The list of contemporary North Carolinian comics doesn’t end there—far from it. Over the last decade, North Carolinians have helped to write Saturday Night Live, The Daily Show, Late Night, and Parks & Recreation, among other humorous TV series. Community features two North Carolinians: Ken Jeong, who also appeared alongside Galifianakis in The Hangover, and Jim Rash, a Groundlings alum who won an Oscar for writing The Descendants. Another of NBC’s Thursday night comedies, Up All Night, was created by Emily Spivey, of High Point and UNC-Greensboro. Anthony King, former artistic director of the Upright Citizens Brigade Theatre, went to UNC-Chapel Hill about 10 years after fellow UCB-er Peyton Reed, a big-time comedy director whose credits include Yes Man, Bring It On, and, most recently, three episodes of the hit sitcom New Girl. If you go to the UCB Theatre these days, you might see Charlie Todd, who founded Improv Everywhere and graduated from UNC-Chapel Hill in 2001. All these comics can probably appreciate the peculiarities of North Carolina life that have been chronicled by David Sedaris, who grew up there in a big family that includes his sister Amy, a comedian best known for her beloved Comedy Central show, Strangers With Candy. And there are many others.

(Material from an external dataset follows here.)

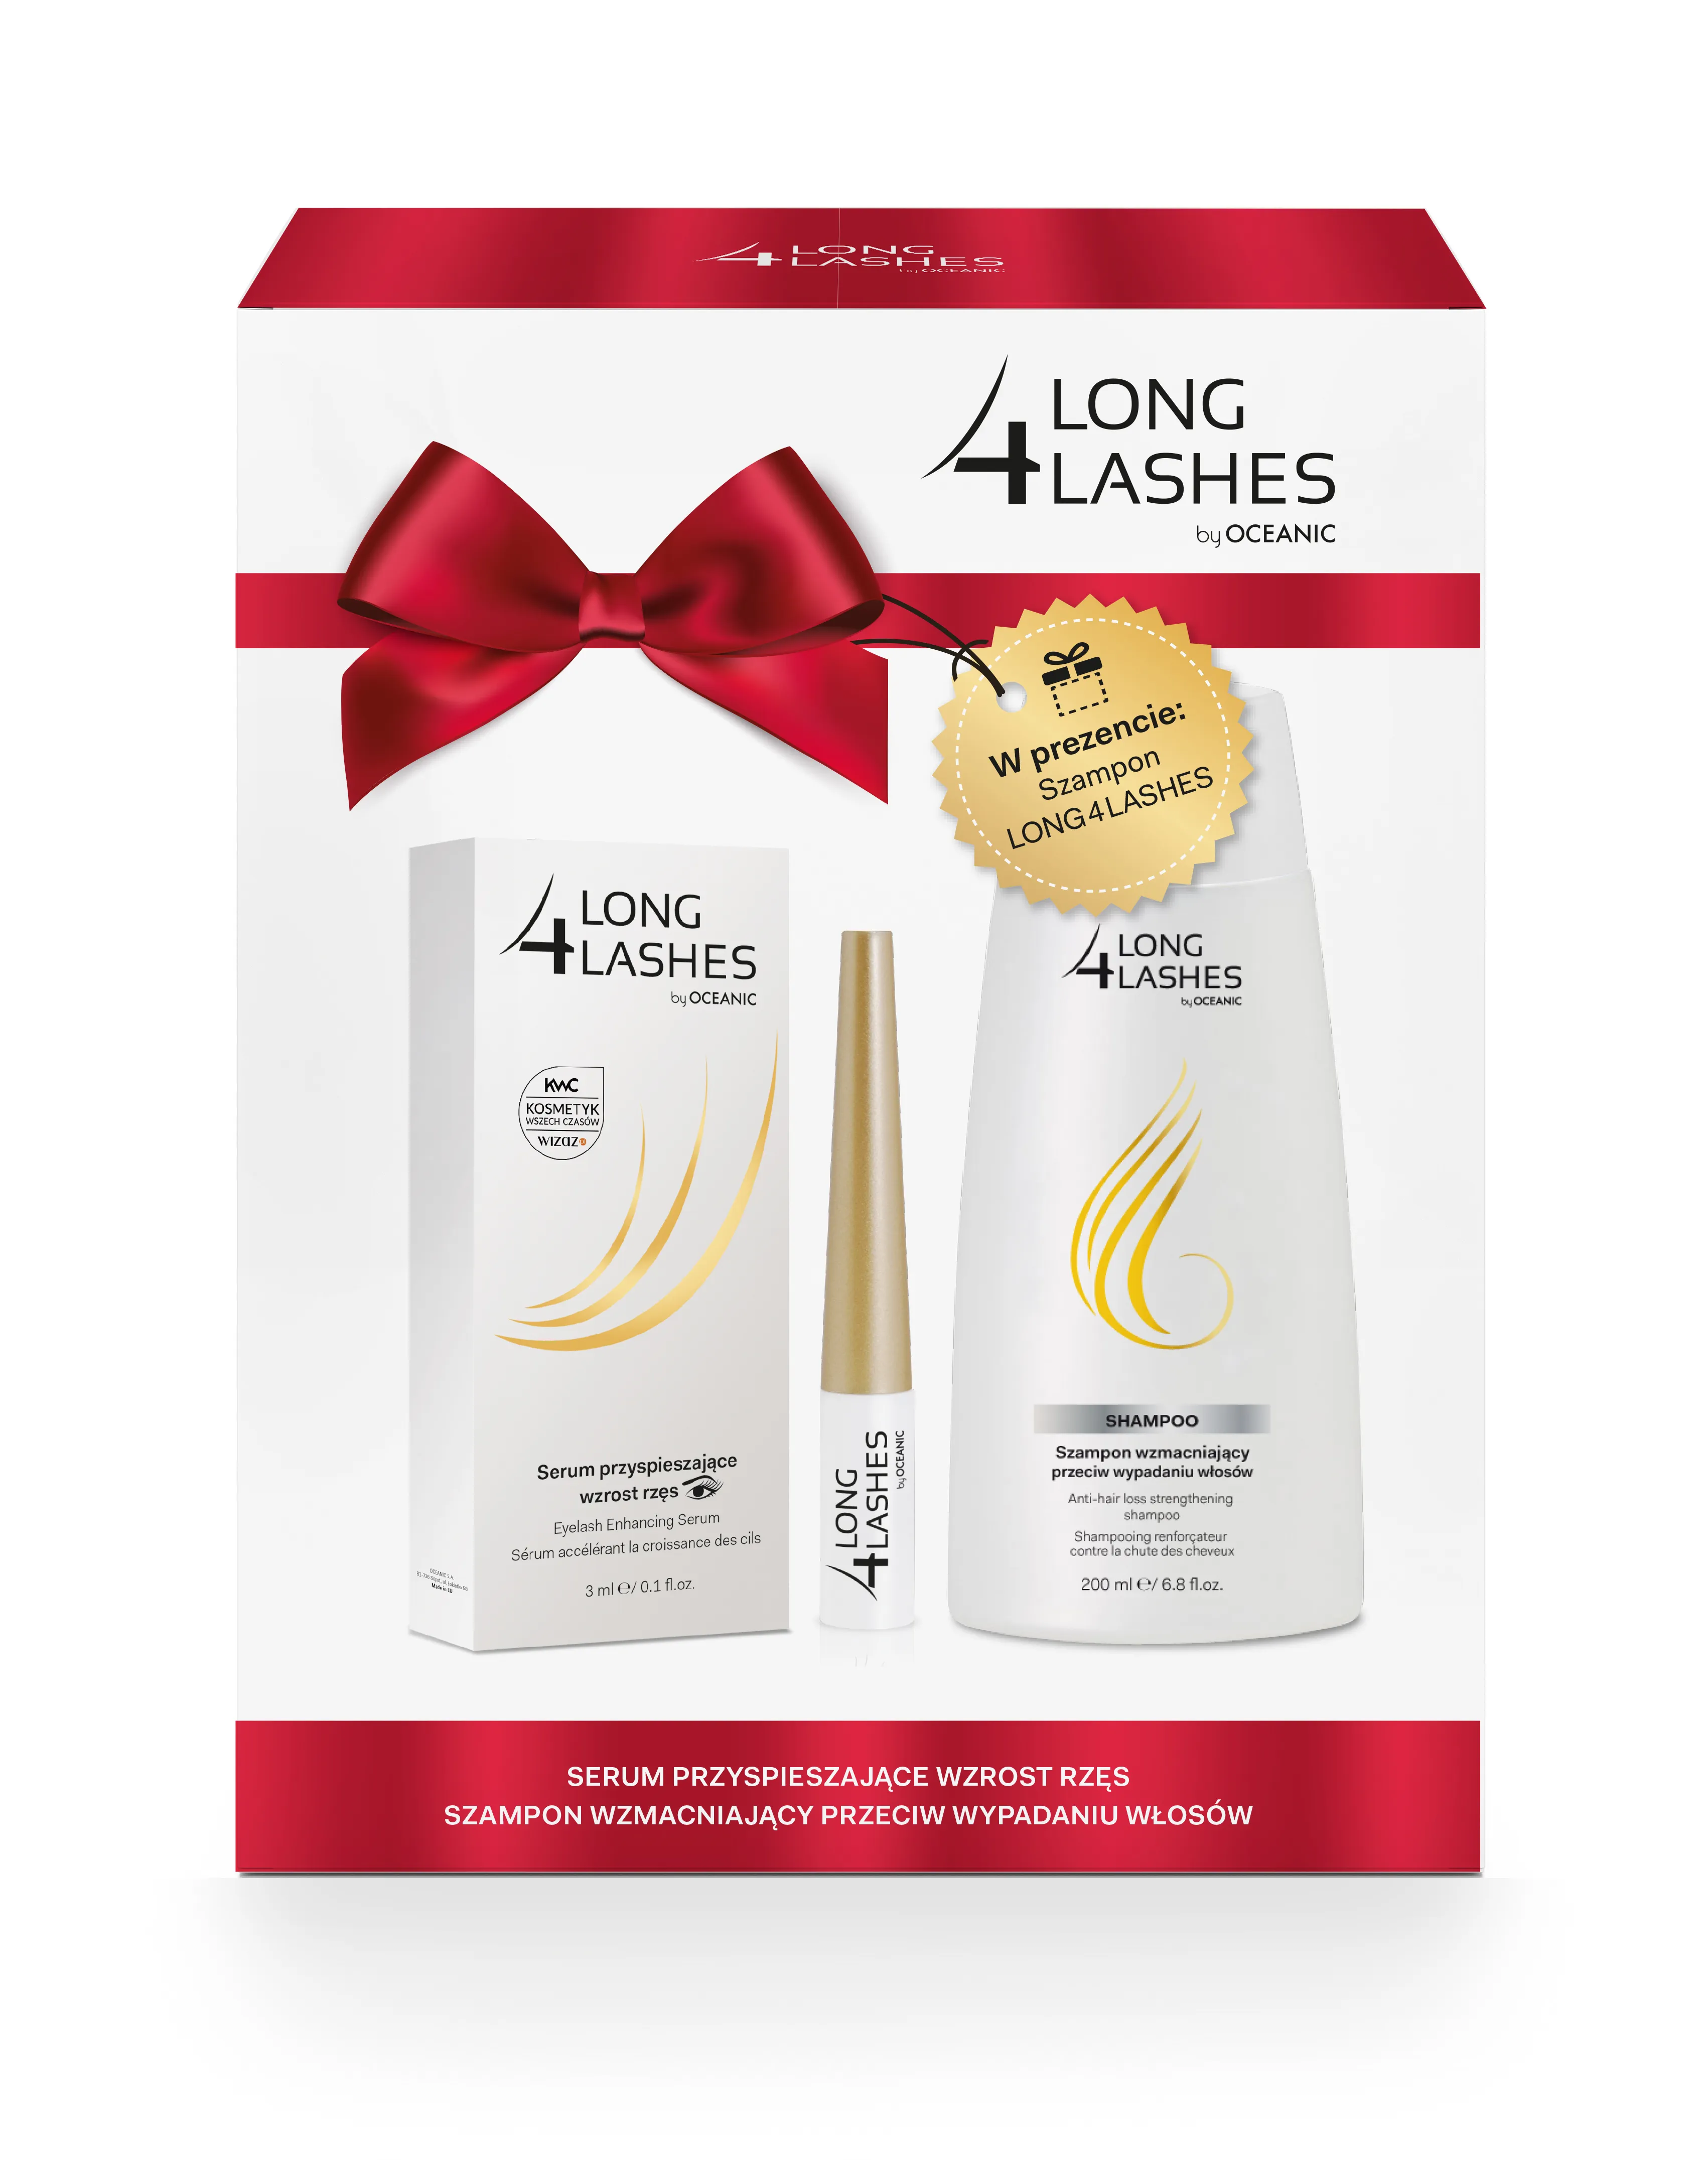 Long 4 Lashes zestaw, serum przyspieszające wzrost rzęs, 3 ml + szampon wzmacniający przeciw wypadaniu włosów, 200 ml
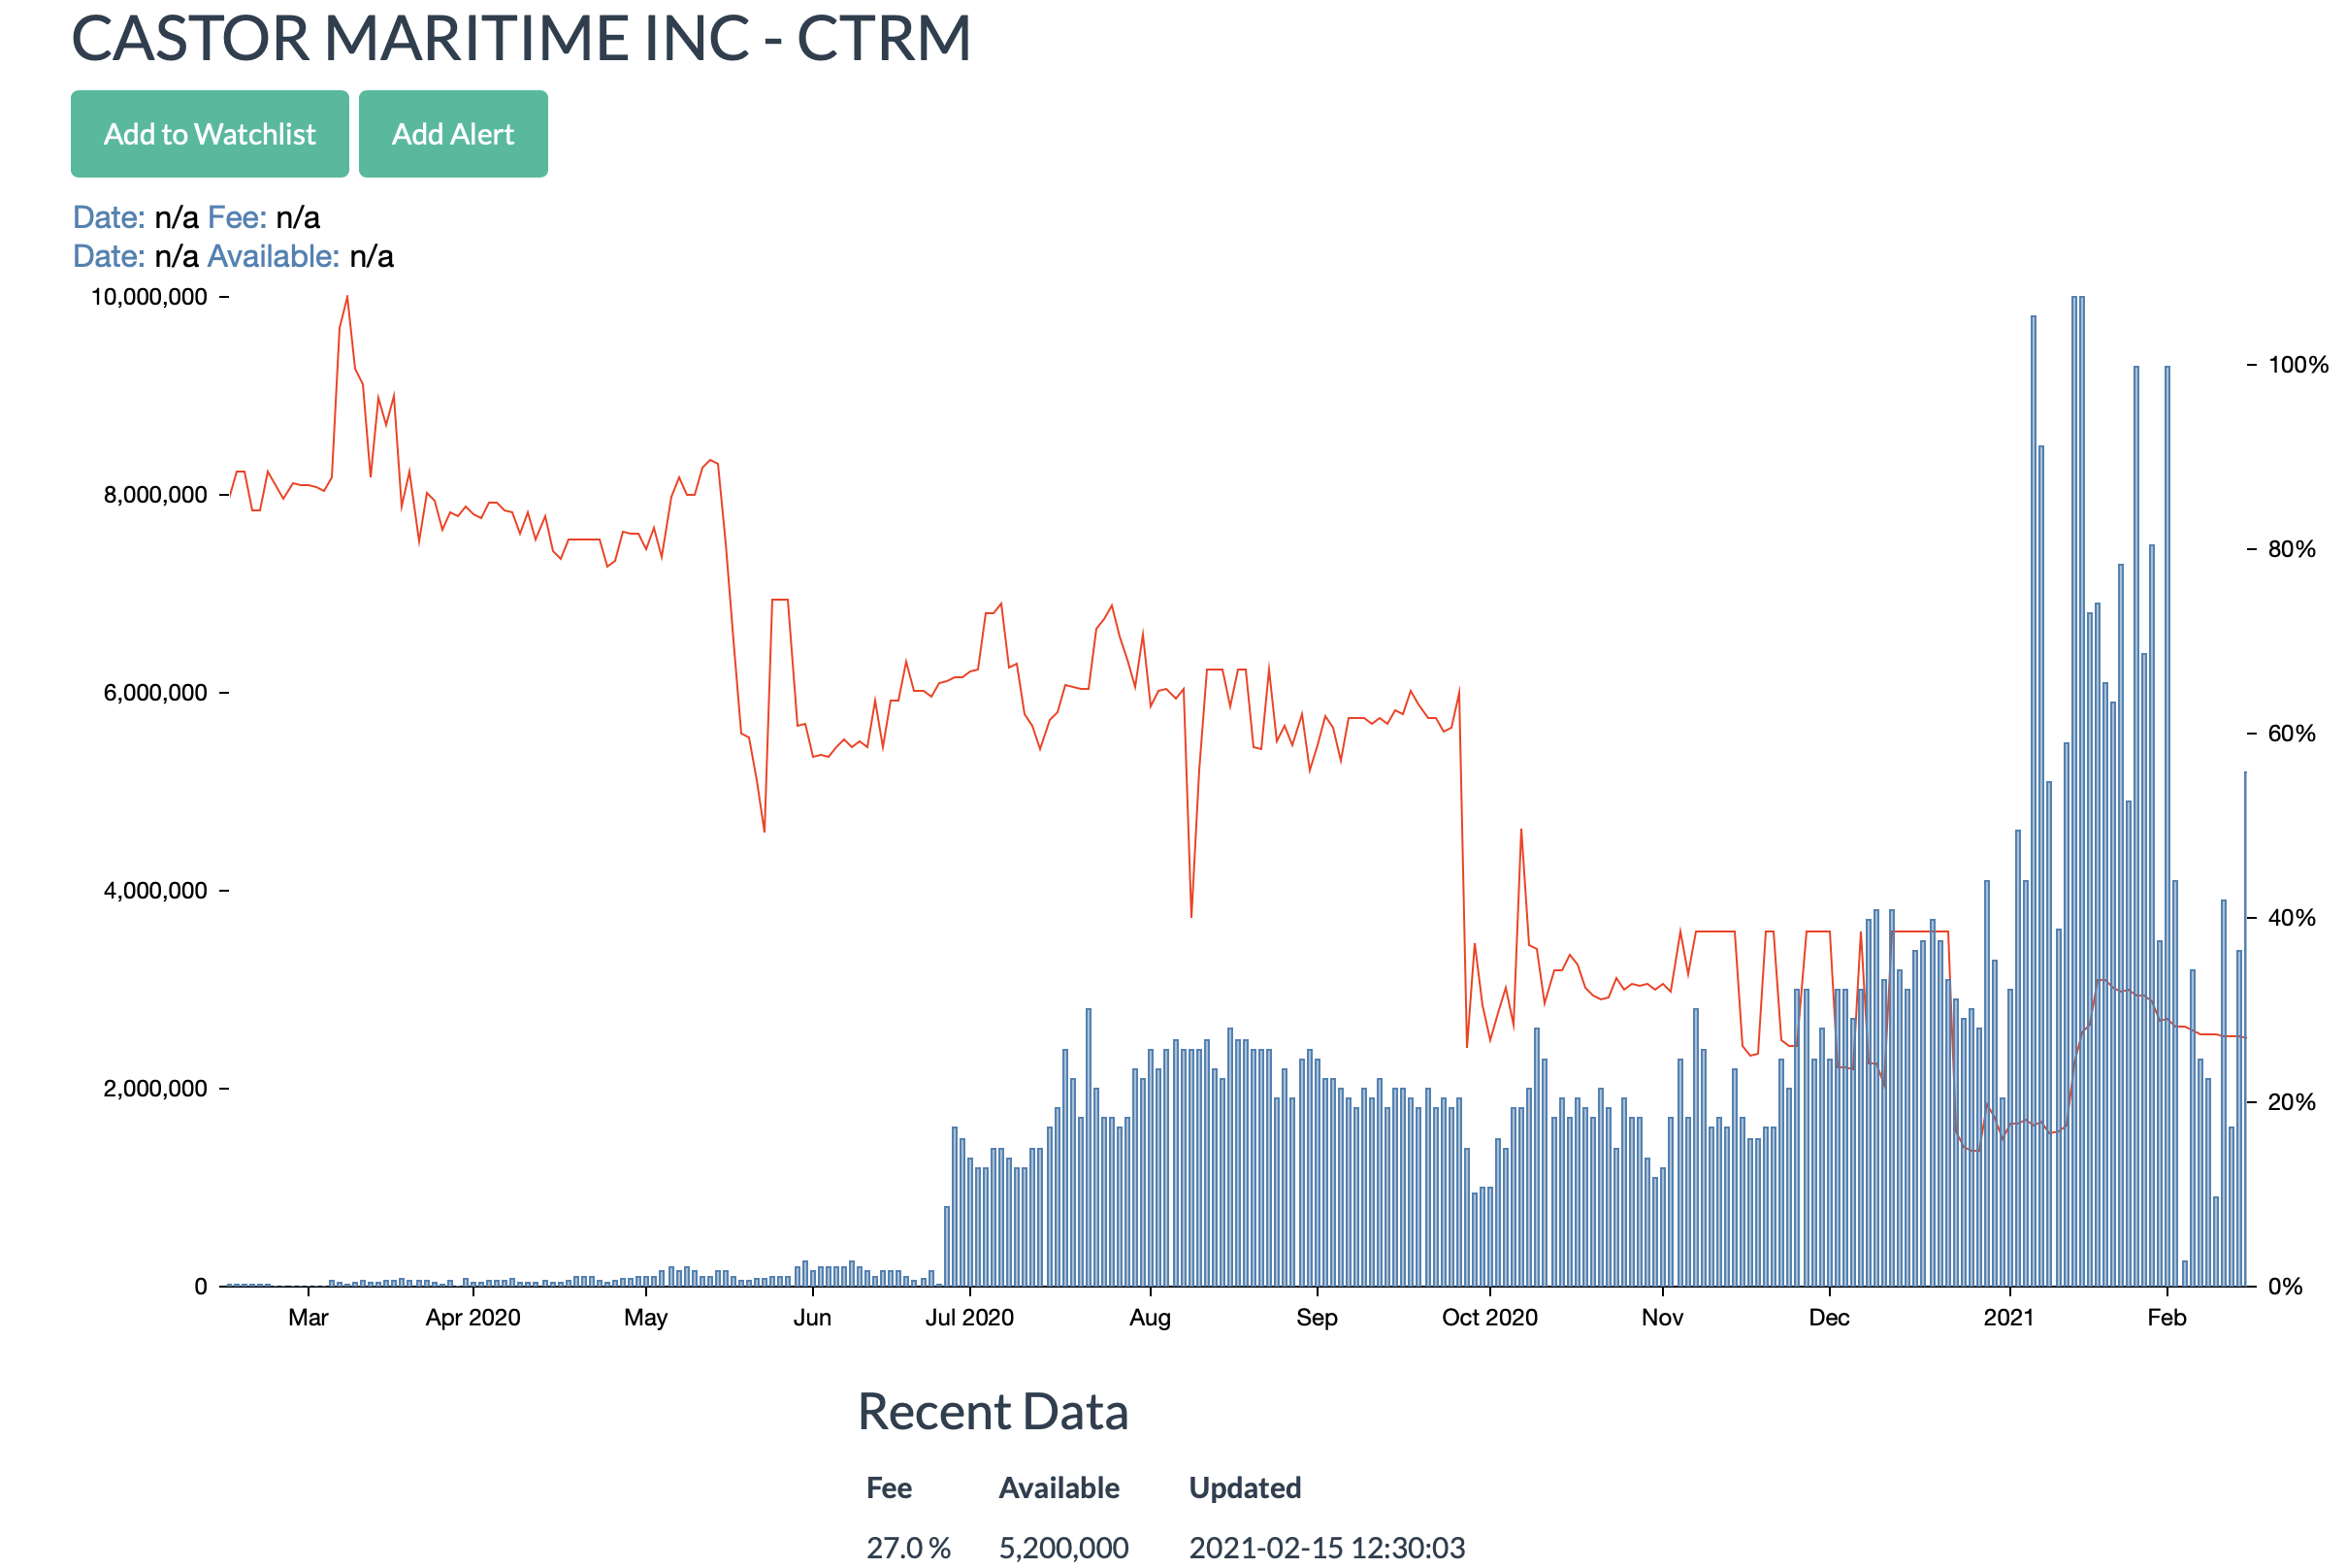 ctrm stock prediction reddit

The Tar Heel State is far removed from the traditional urban centers of comedy: New York, Chicago, and Los Angeles. So why is North Carolina generating so much of our contemporary humor?

“I think North Carolina breeds comedians because it’s such a border state—not entirely Southern and certainly not Northern,” Scott Jacobson, who has written for the Daily Show, Saturday Night Live’s TV Funhouse, and Fox’s animated sit-com Bob’s Burgers, told me. “People who live there have that slight sense of disjunction and not-belonging that seems to breed comedy.” Comedy frequently comes from the margins, outside the dominant culture—just consider how many of America’s best comics have been black, Jewish, or Canadian. Something similar seems to be fueling the North Carolina comedy boom.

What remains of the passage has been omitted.